The painting "Sonntag der Bergbauern" of Ernst Ludwig Kircher (1880-1938) is hanging above the cabinet table in the Berlin Office of the Federal Chancellor.

Recently, the Federal Ministry of Justice under Sabine Leutheuser-Schnarrenberger (Liberal Democrats/FDP, @sls_bmj) submitted a proposal for amendments to patent law and other laws of intellectual property (cf Draft Amendment, in German) that were approved this week by the Federal Cabinet. To enter into force, the Amendment still needs to be approved by the Federal Parliament (“Bundestag”) which, however, is only a formality given the present clear parliamentary majority.

The amendments to the Patent Act (Patentgesetz, PatG) aim at reducing bureaucracy and providing for more flexible and cost-efficient proceedings before the German Patent and Trademark Office (DPMA/GPTO), cf. press release (machine translation).

One important measure to improve cost- and procedural efficiency at least for the Office was the introduction of the electronic case file system ElSA which enables the GPTO to process patent and utility model files fully electronically. The present Amendment regulates inter alia the – long overdue – public access to the electronic ElSA files in order to provide for some cost- and procedural benefits to applicants and attorneys as well.

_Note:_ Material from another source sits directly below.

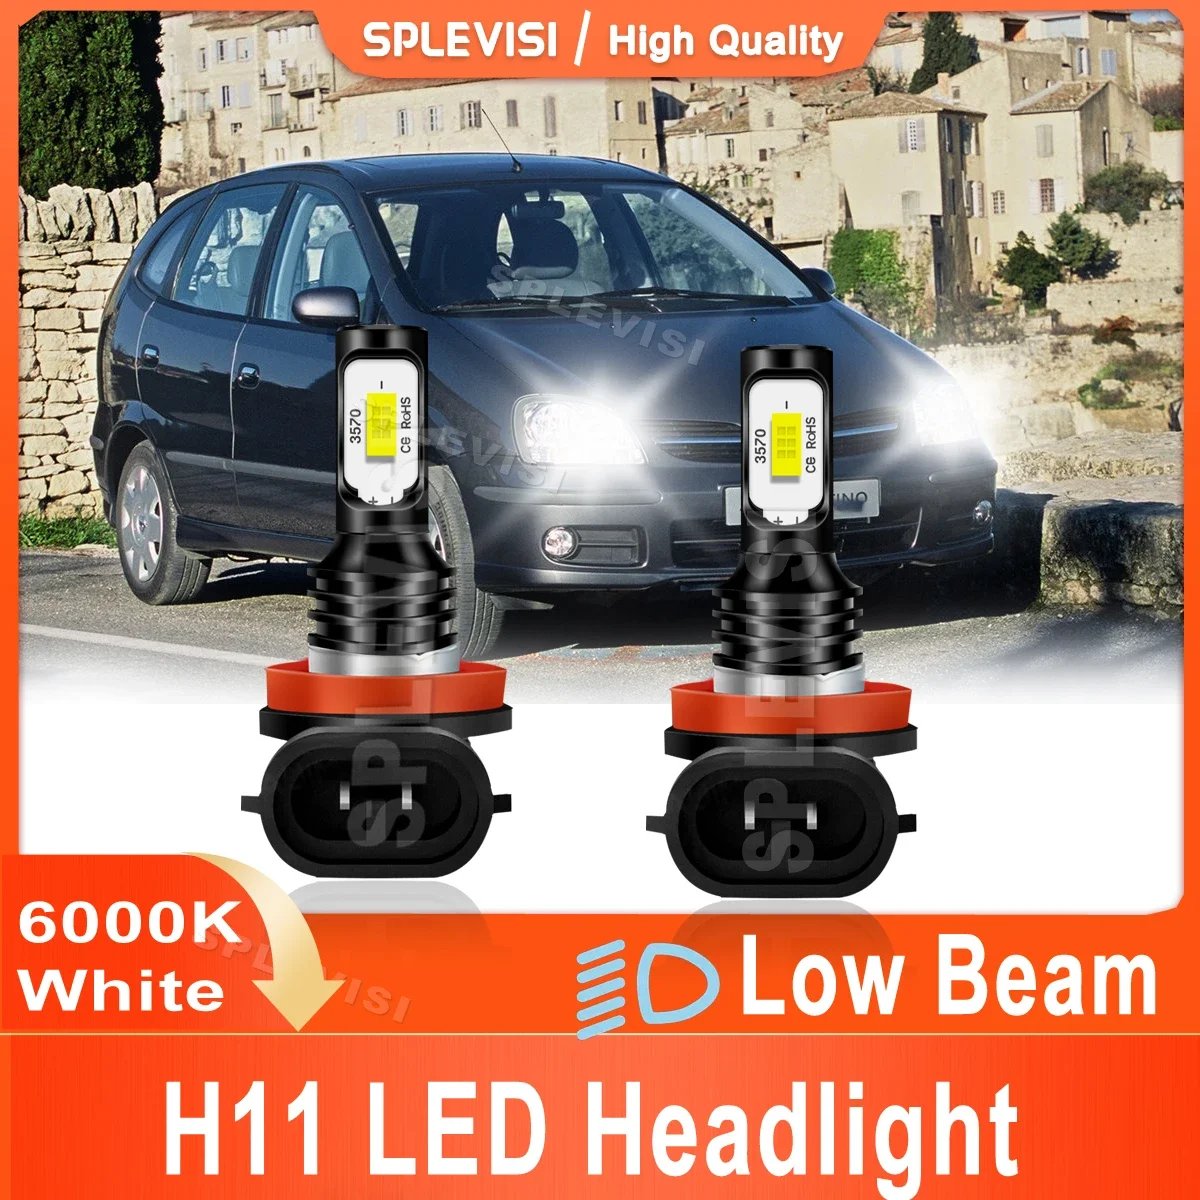 

SPLEVISI Led Headlight Low Beam H11 XID White 70W 8000LM Fit For Isuzu D-Max MK2 2012 2013 2014 2015 2016 2017 2018 Car Light

The most significant amendments are the following:

  • The ‘patent of addition’ is abolished since it was hardly used by applicants but caused a high administrative overhead to the GPTO. Its purpose was to provide supplementary protection for a further development of a filed invention.
  • The conditions which must be fulfilled to concede a filing date are combined in one separate article (amended § 35 PatG).
  • The grant of a patent without the inventor’s name is no longer possible. By this, the personal rights of inventors are strengthened.
  • The German translation of an English or French language application will have to be submitted with the GPTO only by the end of the twelfth months from filing, so that the applicant will have more time to decide whether or not he really wants to bear the high costs of a translation for the national proceedings up to grant.
  • The legal regulations defining the prior art search are amended as well. The content of the search report will be expanded to in future also include an opinion on patentability of the invention. In order to protect itself from extensive work, the search report may also raise the lack of unity objection and the application can be limited on a single invention.
  • In the examination procedure, conduction oral hearings will be compulsory upon request by the applicant. This will render the granting procedure even more transparent for the parties involved.
  • The opposition term will be extended from three months to nine months. By that the German opposition term is adapted to that of the European Patent Convention (cf. Art. 99 (1) EPC).
  • At the same time the opposition proceedings will become more transparent in that the public is generally allowed to observe the proceedings.
  • The right to inspect the files is supplemented by a regulation that clarifies the restrictions on electronic access to documents via the Internet for data protection purposes. This legislative clarification is related to the introduction of the electronic case file (ElSA) at the GPTO. In the future it will be possible for parties and the public to inspect the records of published patent applications and granted patents via the Internet. Further, it is now expressly clarified by law, that usage and forwarding of such data for purposes of patent information services is allowed.
  • With regard to European patent law, an explicit legal basis for data transfer between the GPTO and the EPO is created.
  • Another new regulation affects the subsequent payment of annuities in the event that the Enlarged Board of Appeal cancels under Art. 112a EPC a decision of an EPO Board of Appeal.
  • Filing an international application under the provisions of the Patent Cooperation Treaty (PCT) is in practice attractive for applicants. Up to now, the fees incurred upon national phase entry before the GPTO occasionally lead to confusion. For the sake of legal clarity, the current way of handling this issue by the GPTO will now be implemented by law. This also involves a change in the International Patent Treaties Act (IntPatÜG). The expanded scope of the search report results in a slight increase in fees.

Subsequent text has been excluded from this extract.